Происходящее в сказке, рассказанной Иваном Кавалерову, есть сжатое изложение (так сказать, «по идеям») «Трех толстяков». В действительности, где победил‑таки новый строй, человеку с его извечными чувствами не нашлось места, оставалась надежда на вымысел. Сперва – вставная сказка в «Зависти»: изобретенная Иваном машина «Офелия» разрушала «Четвертак», фабрику – кухню, образ нового мира, а с ним и власть Андрея («толстяка»). Потом (если иметь в виду время опубликования) в «Трех толстяках», где произошли события, невозможные в жизни: «Народ справлял первую годовщину освобождения из‑под власти Трех Толстяков» (с. 241).

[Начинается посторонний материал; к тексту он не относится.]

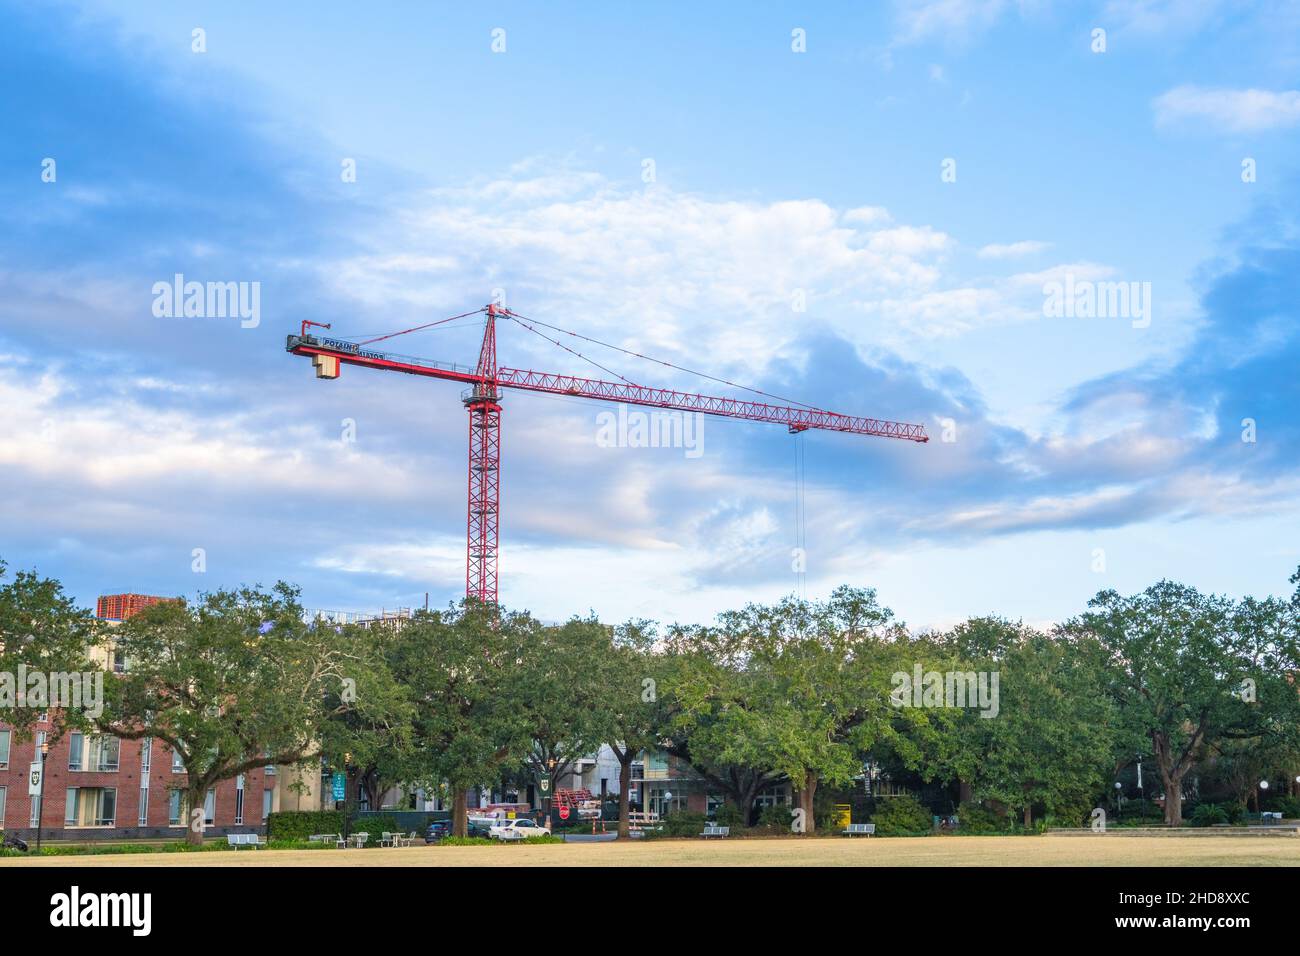 NEW ORLEANS, LA, États-Unis - 24 NOVEMBRE 2021 : grue en porte-à-faux avec ciel bleu et nuages en arrière-plan sur le campus de l'université Tulane Banque D'Images

«…Офелия спешила ко мне, волоча раздавленного, умирающего Андрея.

– Пусти меня на подушку, брат, – шептал он. – Я хочу умереть на подушке (среди старой жизни, им всячески поносимой. – В. М.).Я сдаюсь, Иван…

Я положил на колени подушку, он приник к ней головой.

– Мы победили, Офелия, – сказал я» (с. 106).

Только в сказке, на самом деле победили Андрей, фабрика – кухня нового мира, однообразная коммунальность, «мы». В этом мире любой обед, точно, стоит четвертак, зато нет родного, домашнего, семейного, и норма фабрики – кухни сильно отдает нормой тюремной, одинаковой для всех.

В анализе утопических мотивов «Зависти» (нового человека, нового мира, перевоспитания чувств) я настойчиво подчеркивал невольность для автора тех смыслов, которые, по моей гипотезе, содержит роман. Сам писатель, предположил я, не только не хотел этих смы – слов, их не было у него в уме, и он, безусловно, советский автор, собирался воспеть новый мир. Однако в ряде мест своего сочинения ему пришлось «заставлять» материал, который не совпадал с авторскими расчетами.

В книге много зависти. Я полагаю, оттого, что писателю хотелосьсоздать впечатление, будто старый мир, якобы теснимый новым, уходит и сожалеет об этом, завидуя новому – свежему, молодому, здоровому. Так проигравший завидует победителю, так торжествует «правота» Андрея. Не предусмотрен, говорилось не раз, еще один вариант «зависти».

Характеризуя немецкого футболиста – профессионала, Ю. Олеша пишет: «Он презирал игроков – и тех, с которыми играл, и противников. Он знал, что забьет любой команде мячи. Остальное ему было не важно. Он был халтурщик"(с. 119).

Подчеркнутое слово – рука автора из‑за ширм, оно не следует из предыдущего, ему противоречит. Персонаж мог испытывать названные чувства – они не доказывают, что он халтурщик. Слово понадобилось писателю, чтобы опорочить чувства, которые, по его замыслу, исчезнут в новом мире, – чувства индивида. Немец был индивидуалом, а не коллективистом, ну так и получай, «халтурщик», таким не место в будущем. Это – грубая, неубедительная, «платная» публицистика: профессионал и халтура – несовместимые понятия.

Фальшив и финал – «Ура!» (с. 120), разве что «ура!» – вопль отчаяния. Иван, предвидя безнадежность сопротивления, предлагает Кавалерову невыполнимый план: «Будем равнодушны», станем как если б машина, сделаемся Володей Макаровым, вольемся в однообразный мир и т. п.

Олеша очевидно ведет дело к поражению Ивана – старого мира. Однако финал читается не только так:да, новый мир победил, но к несчастью, и его победа отзывается в нас не гимном, а похоронным маршем. В качестве дополнительного комментария – рассказ Ю. Олеши «Мой знакомый» (1929).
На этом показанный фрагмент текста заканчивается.